As for diet and medication, again he is 12, you are in control of this as a parent still at this age. There should never ever be a time when he is responsible for that medication on his own at this age. If he is suffering from some kind of depression, he could stash the meds away and use them to harm himself or worse. You are responsible for making sure he takes the medication, or you assign that responsibility to another adult in his life if you can't be there at the right time of day for the dose to be taken. Diet as well is in your control at home. If it is important for his mental health, you make time to have the right foods at home. At 12 years old you are right, you cannot control what he eats at a friends house, but you can teach the right eating habits at home. You can also give him the consequence of not being allowed to go to the corner store for snacks if he is not clean up his attitude. He is 12, he needs rules.

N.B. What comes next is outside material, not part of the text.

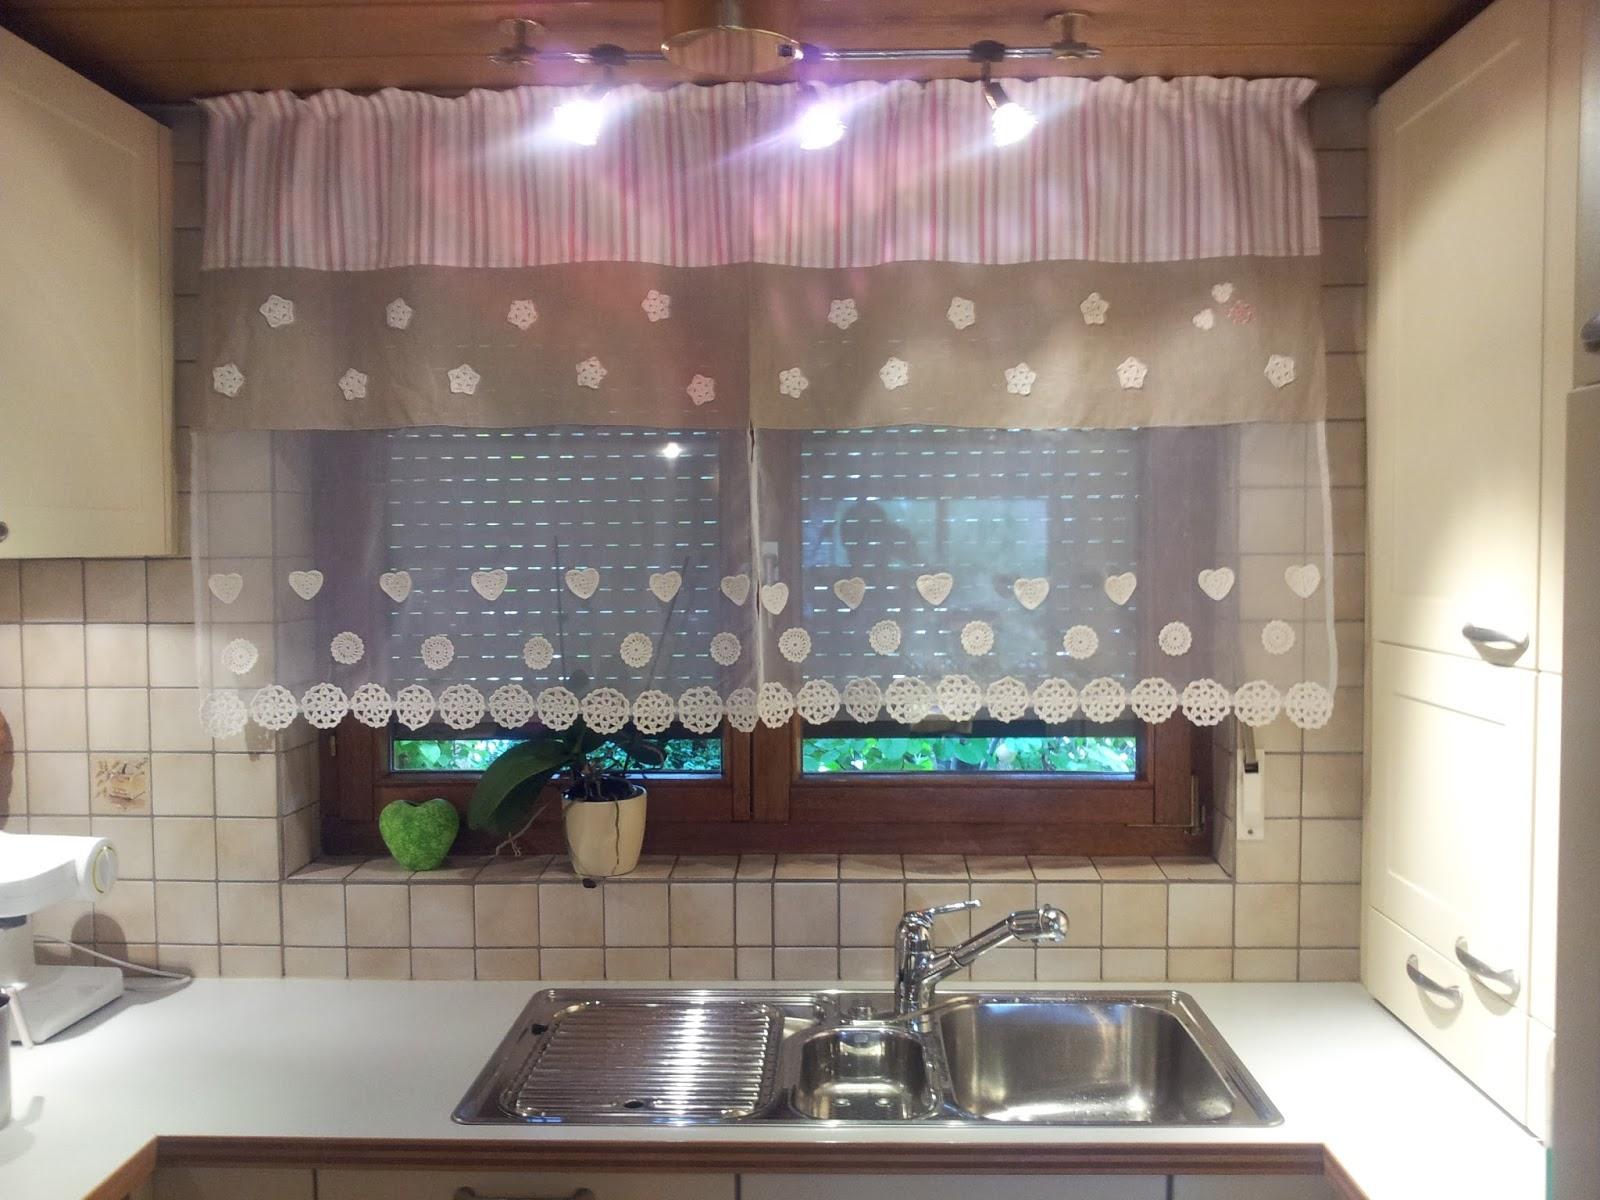 Küchengardinen Ikea inspirierend kuechengardinen ikea design
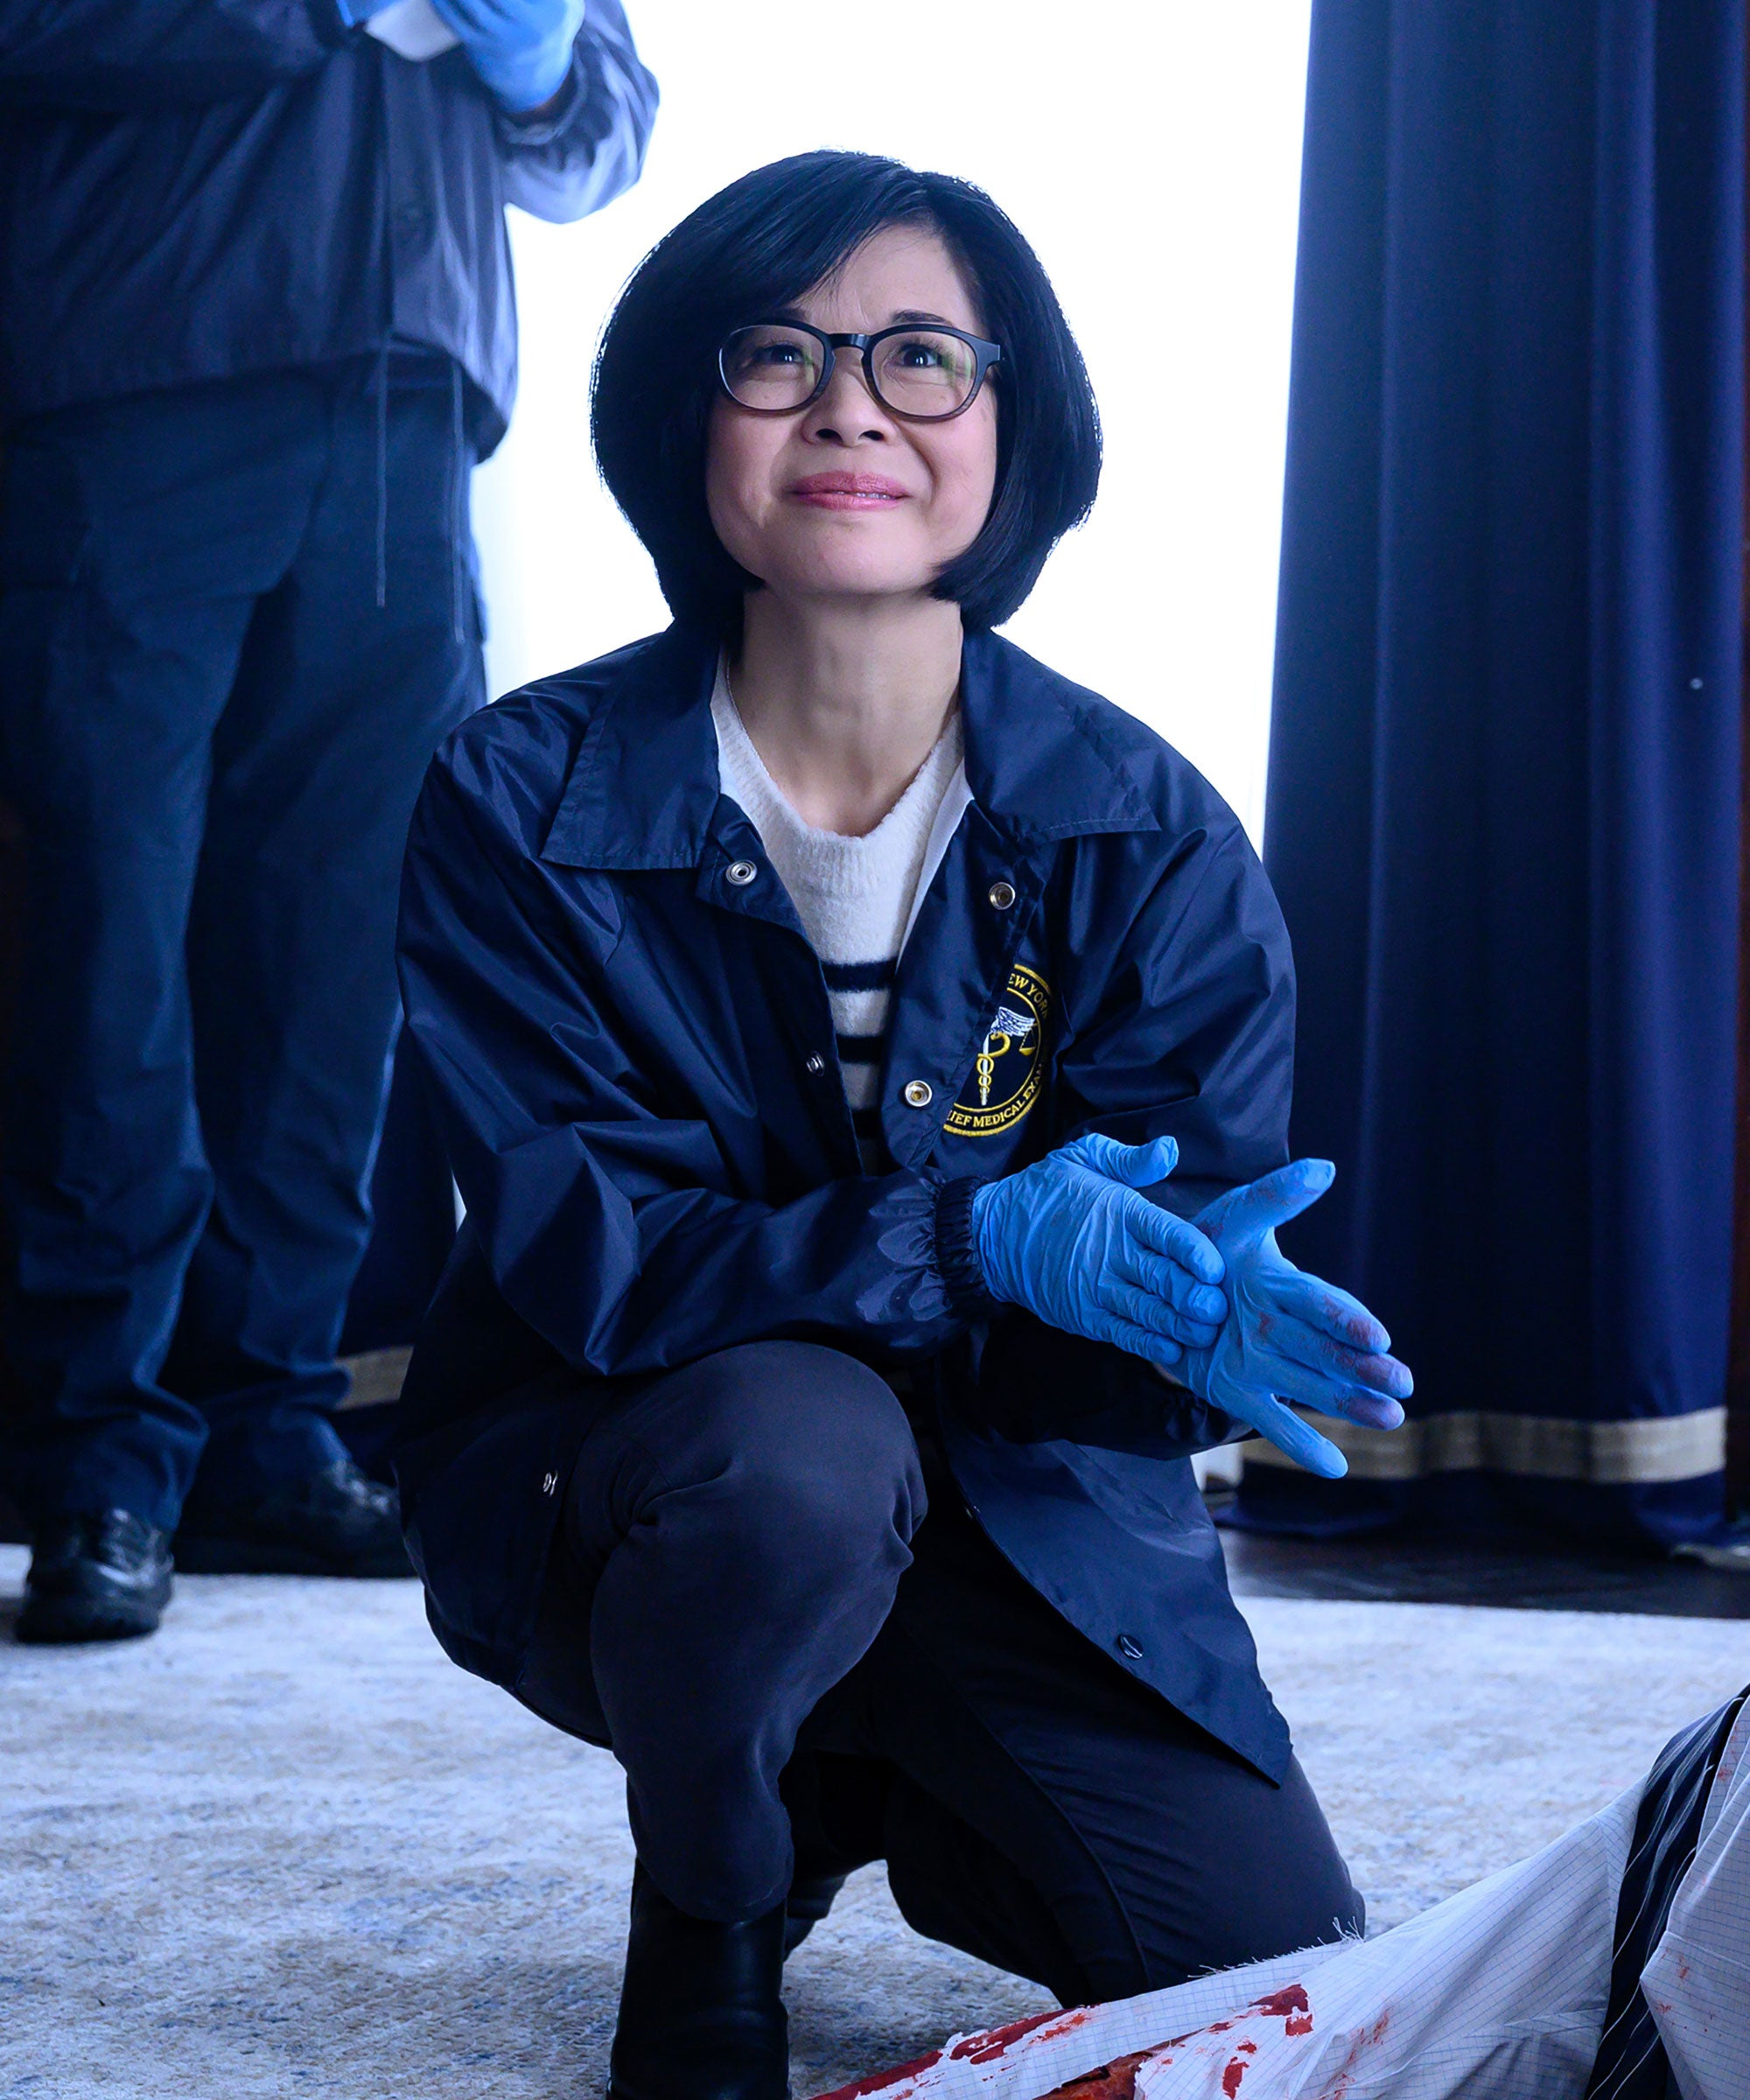 Keiko Agena Prodigal Son Edrisa Ship Season 1 Finale

Home schooling works for some kids, but not for all. Sounds like this boy needs the social experience and expectations of being at public school.
Every parent loses it sometimes.....you are normal for feeling the way you do. You need to make time to set boundaries and expectations for him though. Don't give up just because it's hard. All of the things he needs right now are very time consuming and difficult for a parent, but he deserves a chance to have that given to him. I would start with seeing a counsellor or psychiatrist as there is grief issues here with the loss of a parent, and I would make it a priority to set up some rules/boundaries, clean up his diet, and find an activity for him. It will take time to get him on track, but you can do it! You reached out for help, so you obviously care!